## [About this exercise]
Find the line with "La educación de" in the records below. Output exactly from there until after the line with "Come scegliere la farina giusta", without pictures.

## [Provided data]
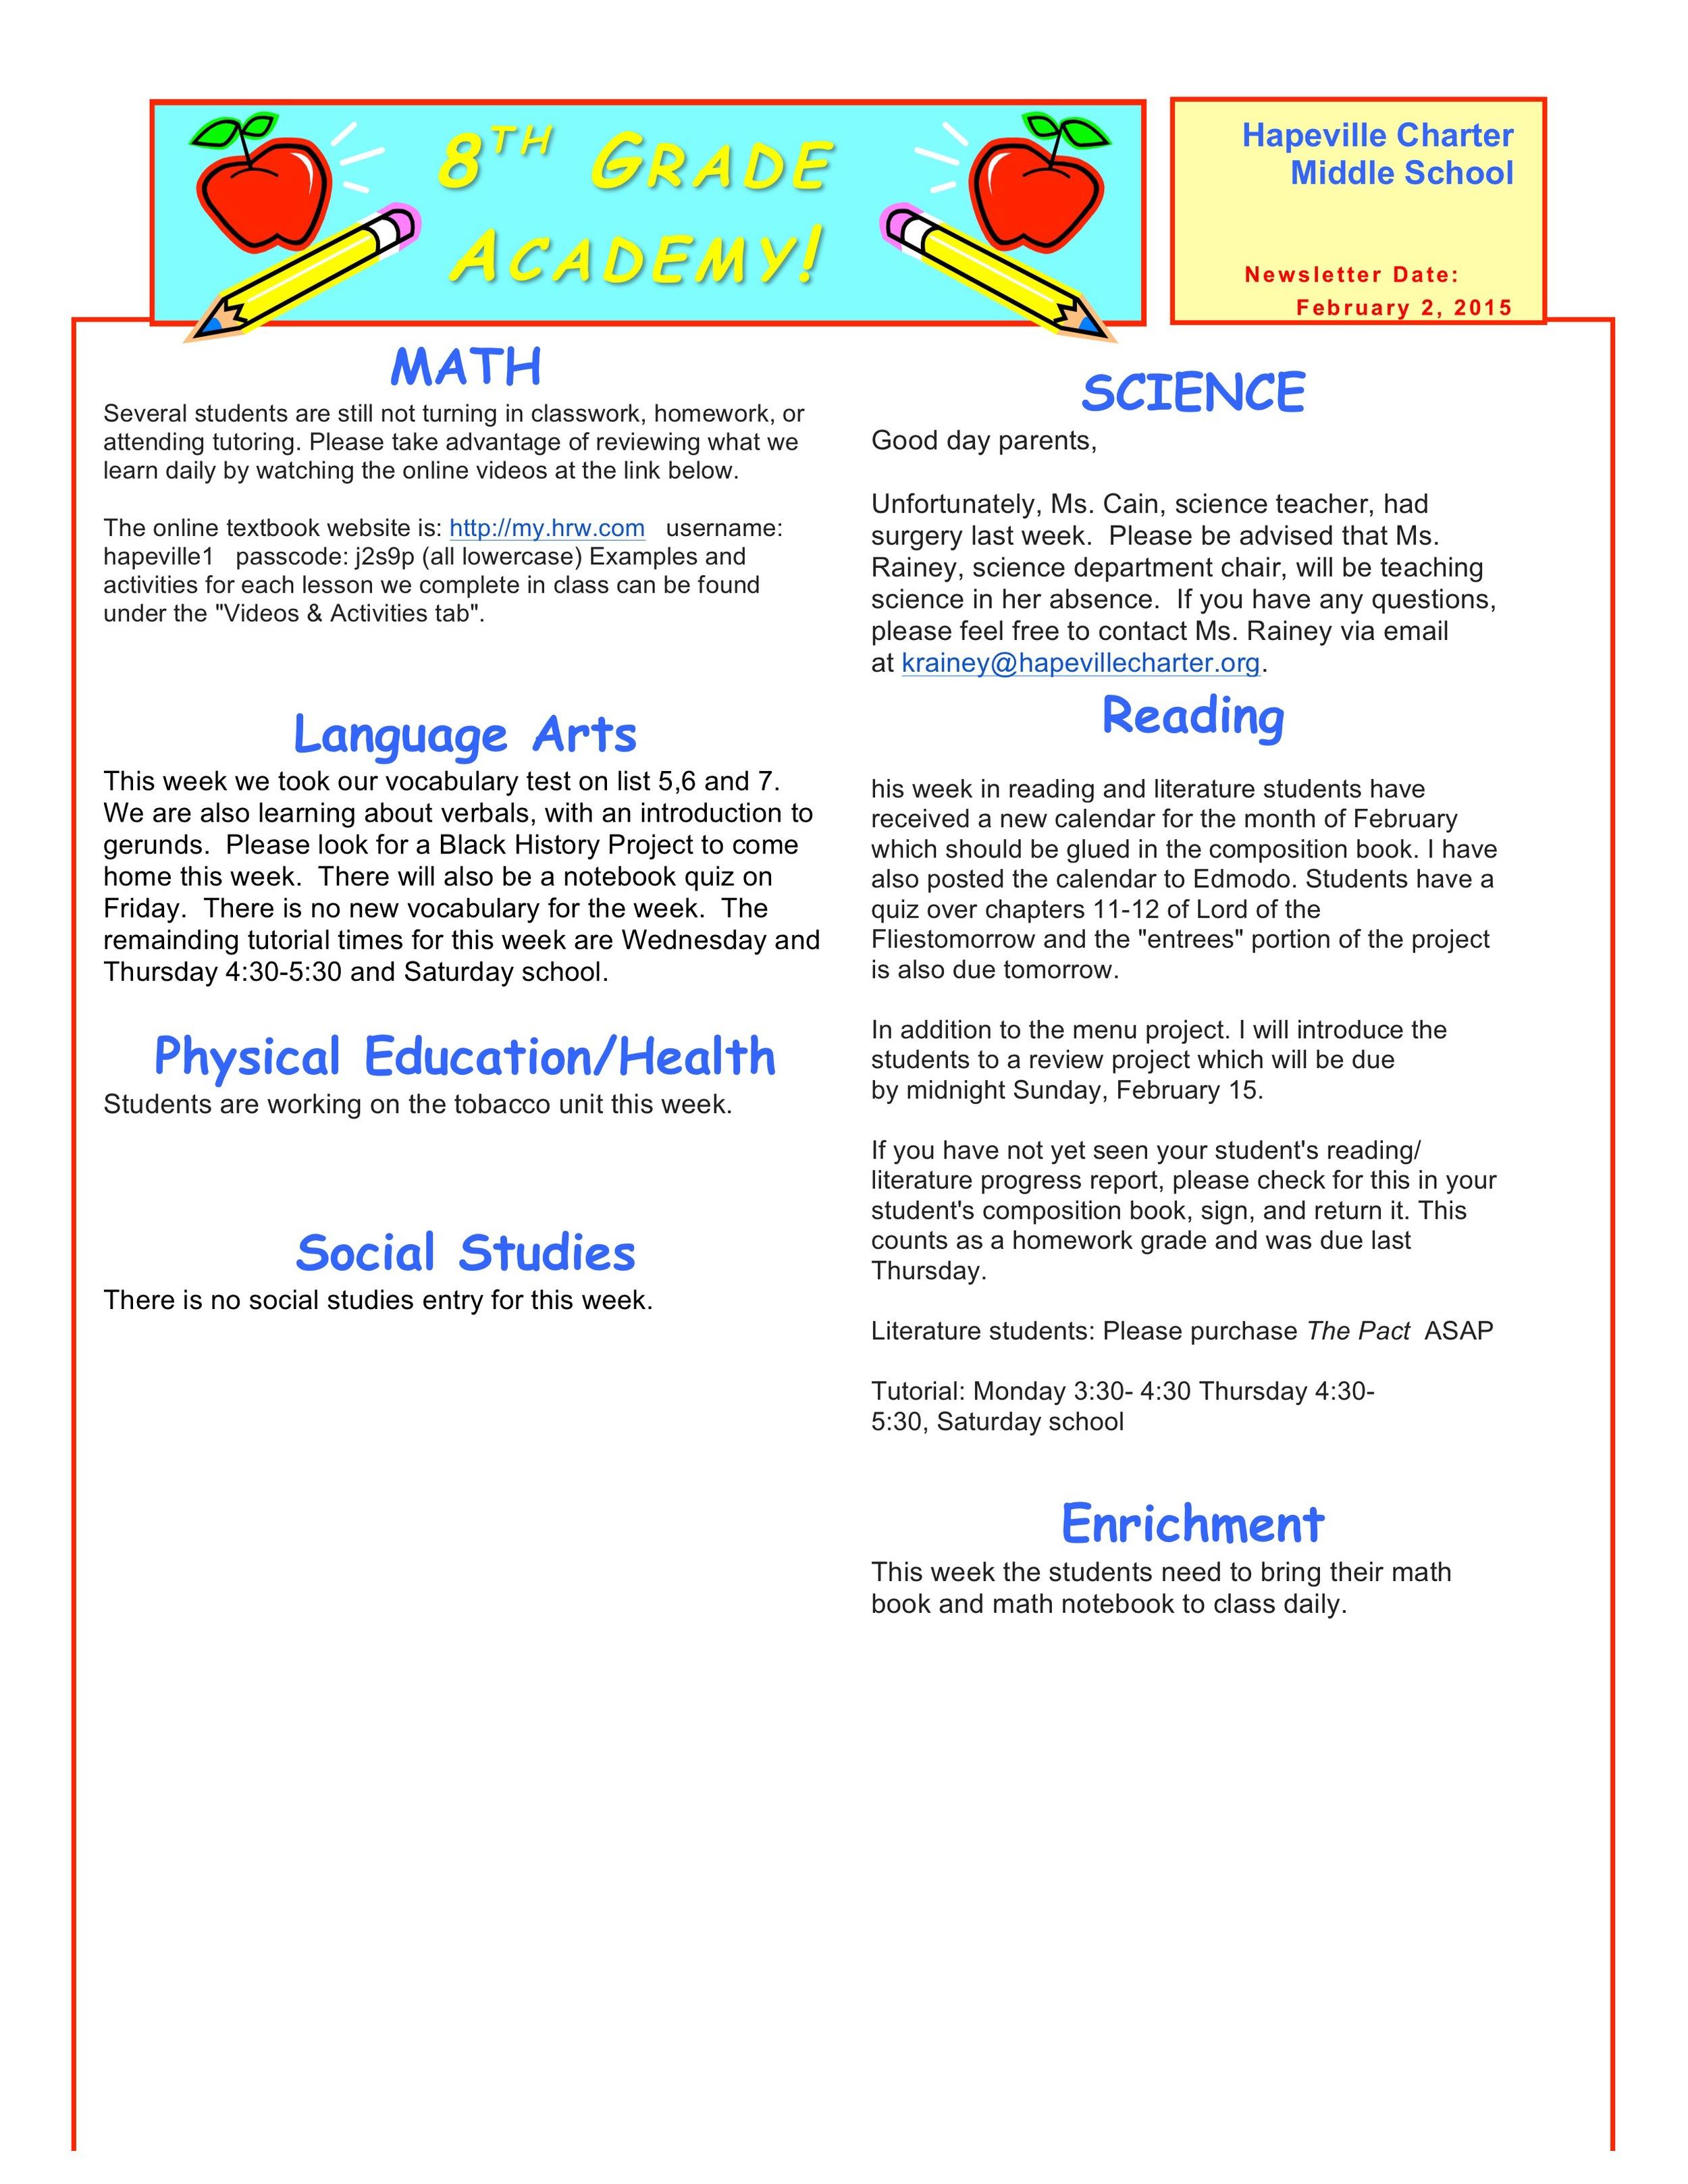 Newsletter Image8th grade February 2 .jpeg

...

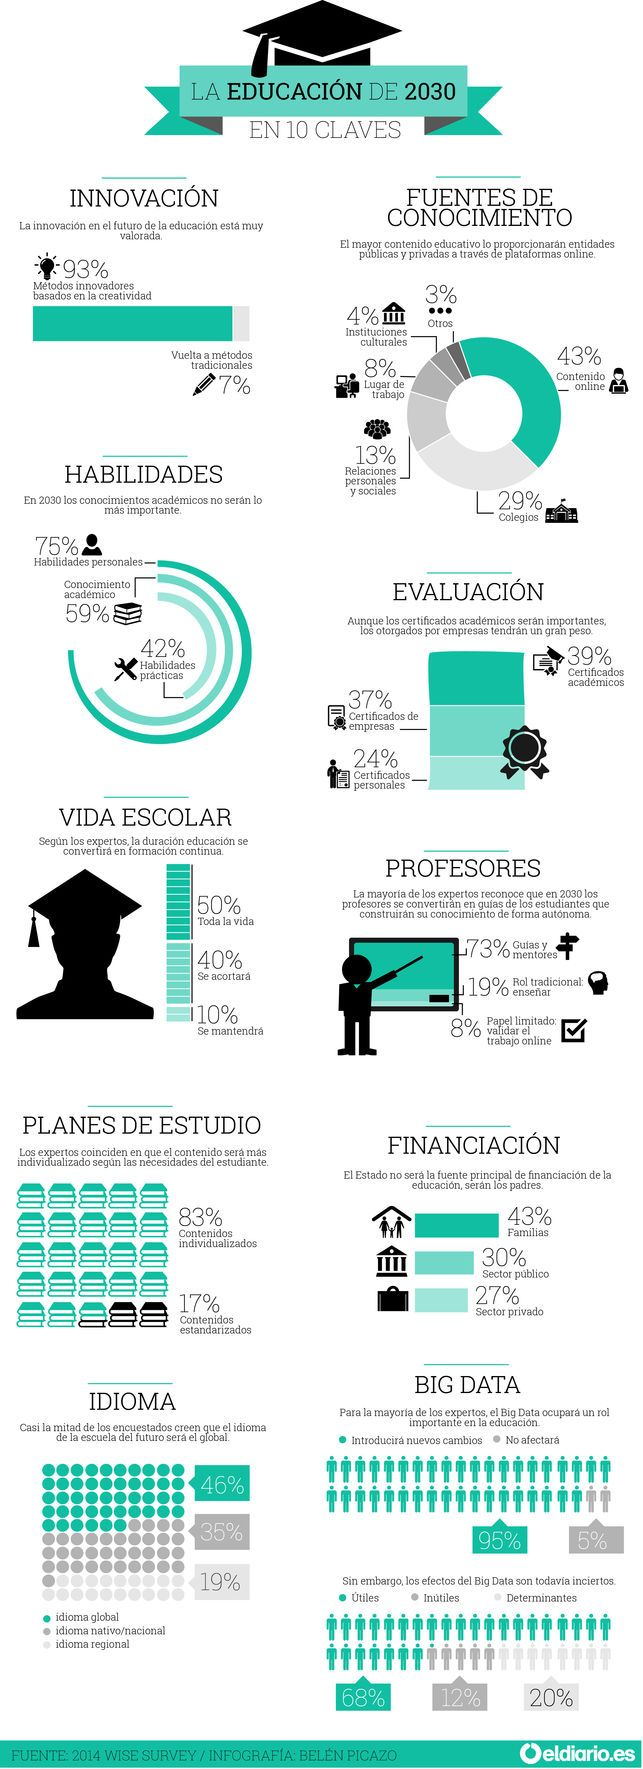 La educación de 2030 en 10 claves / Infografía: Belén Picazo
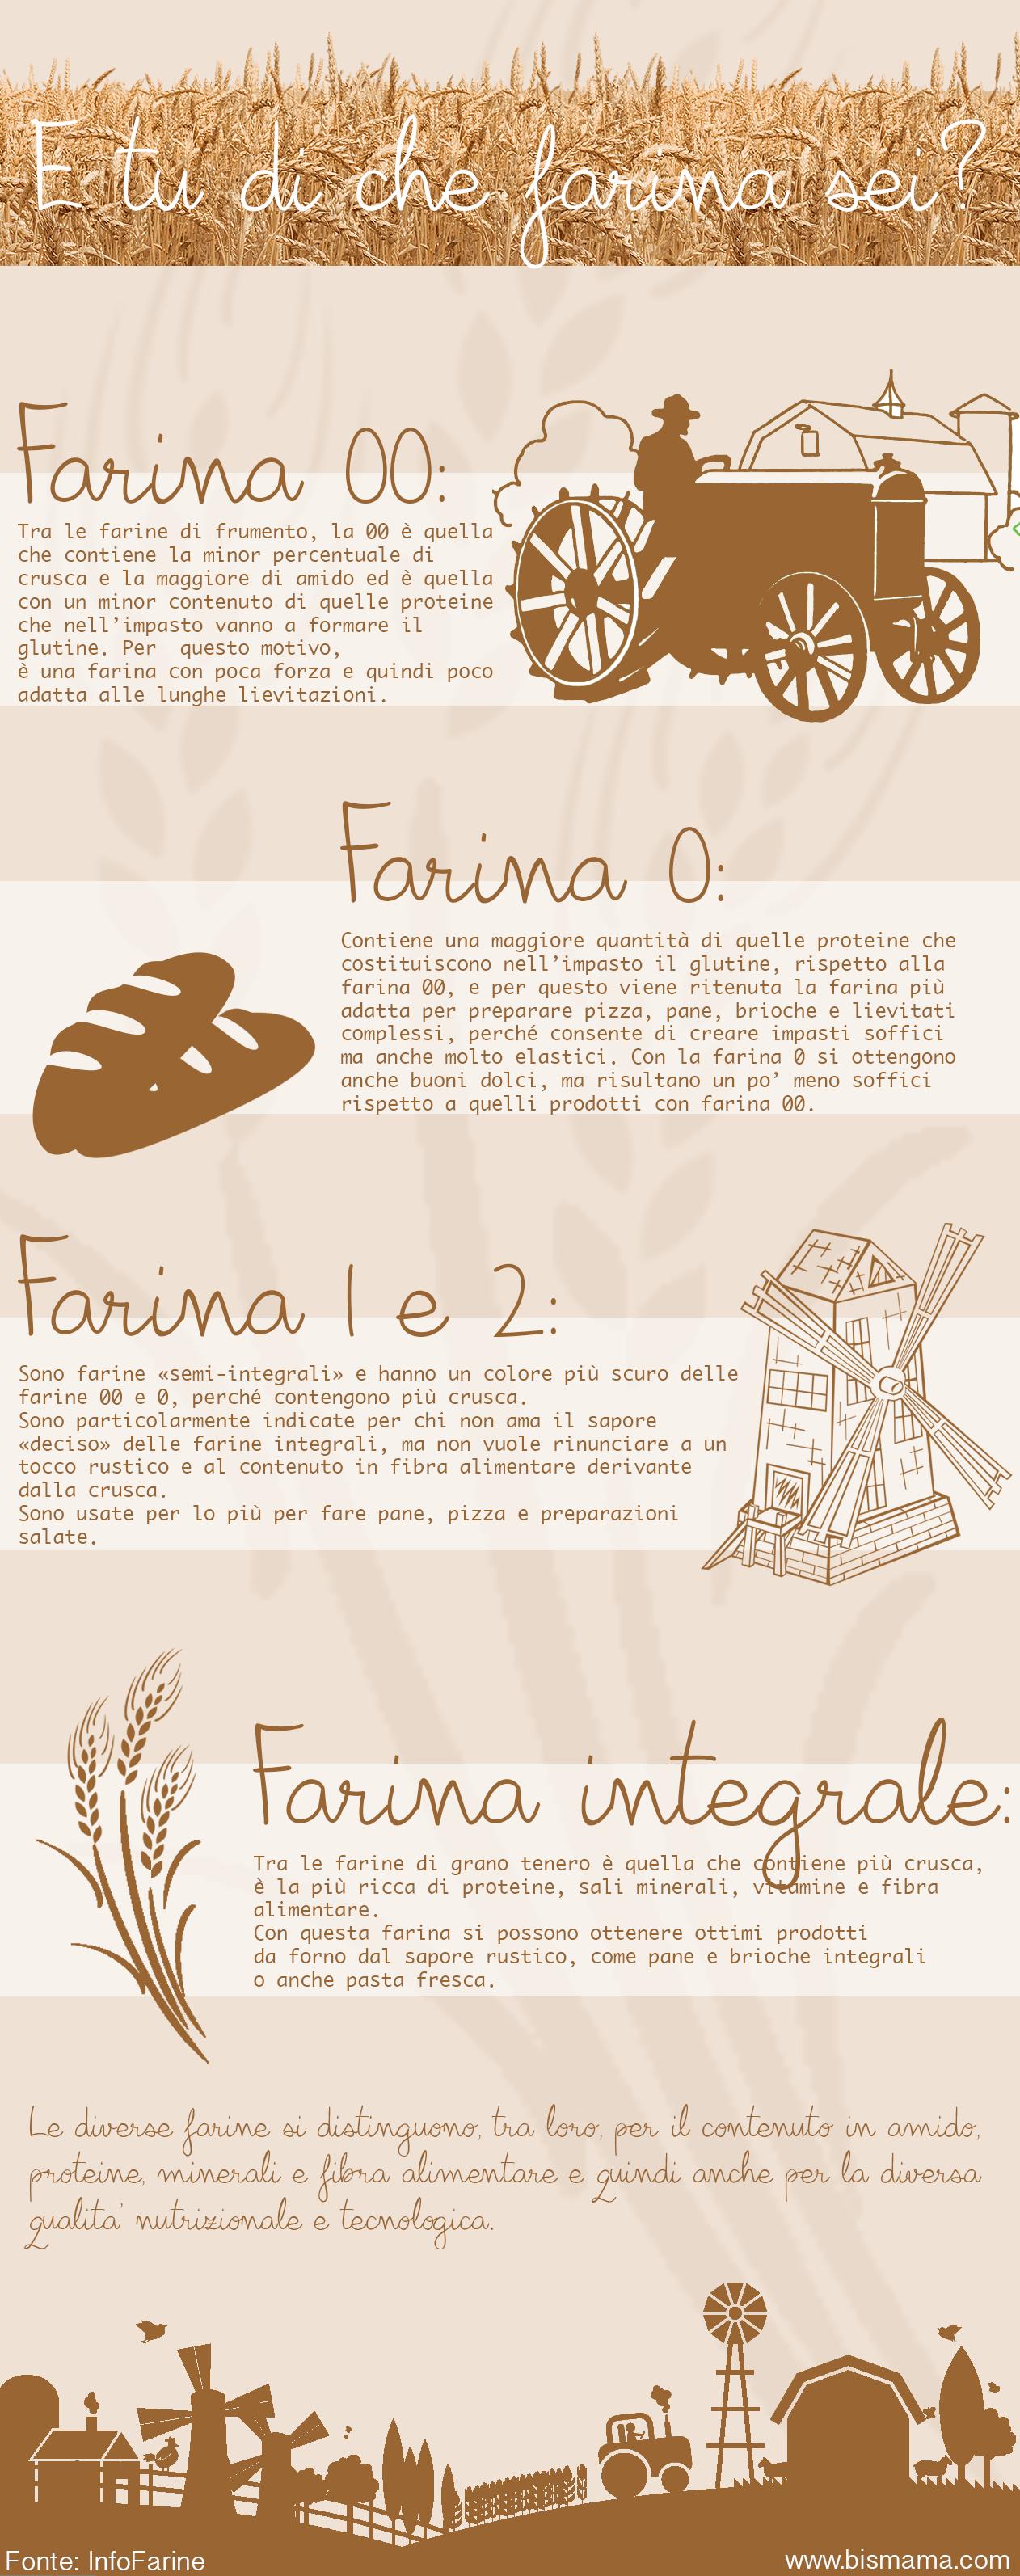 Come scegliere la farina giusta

## [Response below]
 La educación de 2030 en 10 claves / Infografía: Belén Picazo
 Come scegliere la farina giusta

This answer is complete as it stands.